A portrait of Isabelle standing in a bamboo forest. Isabelle Guillard

For high-school art teacher Isabelle Guillard, BFA 98, PhD 23, connecting youth with nature is essential. At Curé-Antoine-Labelle high school in Laval, her students have created an eco-art garden that features flower beds, a nursery with edible plants and a sculpture composed of willow arches.

Students from the school’s art, science and special-education classes participate in growing and learning about the plants, but the space also provides a refuge from a busy academic life.

“It’s nice to be outside the walls of the classroom,” says Guillard, a 2020 Concordia Public Scholar. “The garden is the only space at school to recuperate!”

Students work collaboratively with a team of teachers led by Guillard, a visual artist whose doctoral research at Concordia explored the value of outdoor education for teenagers.

While integrating the approach at the secondary level can be challenging, she is optimistic about the positive health impacts.

“Our kids need experiences that allow them to develop their creativity, express themselves and accomplish things on their own,” she says.

“By communicating and creating links with the people and environment around us, we develop confidence in ourselves and in our abilities, and we develop a sense of responsibility. It makes students aware of their impact.”

A headshot of Emma Despland. Emma Despland

Emma Despland, a professor in Concordia’s Department of Biology, has witnessed first-hand how early nature connectedness benefits young adults. She notes that many first-year students enter the program with a passion for conservation, yet are unable to identify common plants and trees in the real world.

“Students come in passionate about the natural world and species extinction, but a lot of their knowledge is theoretical. You take them outside and ask them to identify a tree, and they haven’t had that experience,” she says. “That limited understanding of biology affects their employment opportunities.

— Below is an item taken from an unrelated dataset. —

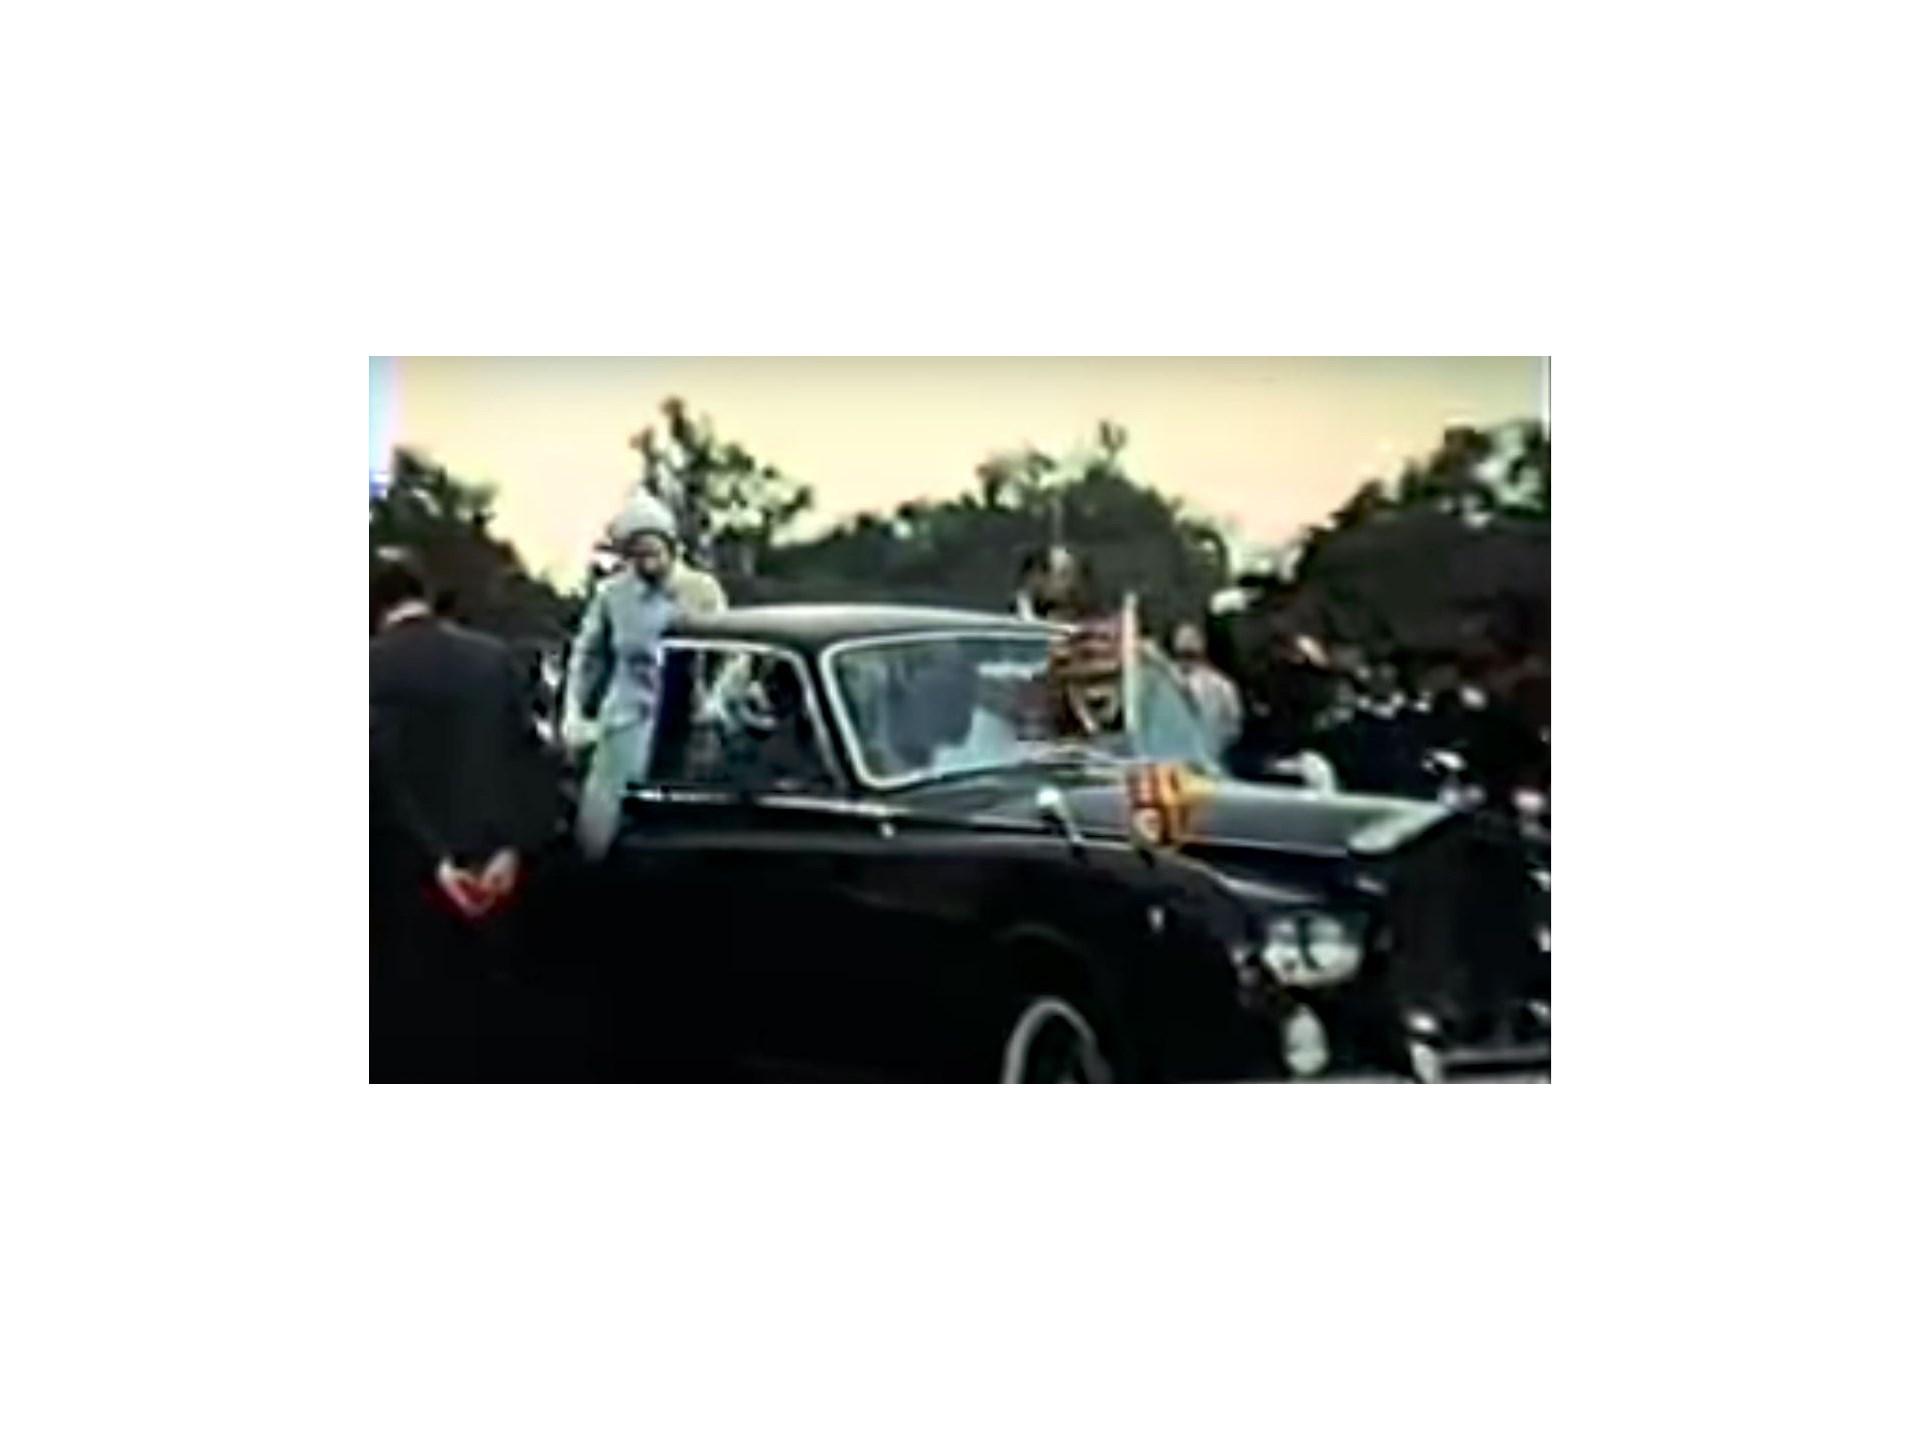 1967 Rolls-Royce Phantom V State Landaulet by Mulliner Park Ward

It’s an education gap that we assume people are getting through childhood — but they’re not.”

In response, Despland and student researchers Ashley Spanier-Levasseur and Lindsay Doyle, BA 23, turned a study on nature connectedness into a community outreach project. Joining forces with city-run day camps, the Finding Urban Nature (F.U.N.) project unites Montreal youth with urban greenspaces. Many participants have never experienced nature walks or insect and fauna observation.

“We are bringing kids outside, showing them the urban gardening we’re doing on campus, inviting them to touch a tree, feed some birds,” Despland explains. “Many kids, especially those living in the city, have not had this experience.”

She highlights the invaluable physical, mental and social health benefits of outdoor activities for children and youth, though stresses that limited access to these opportunities can lead to serious repercussions.

“We are experiencing negative health impacts from an unnatural lifestyle that cuts us off from the natural world. The negative health effects related to being sedentary include mental-health issues and more,” says Despland. “From a developmental perspective, what people experience as children will influence their overall health later on.

“We cannot silo health — we are all connected.”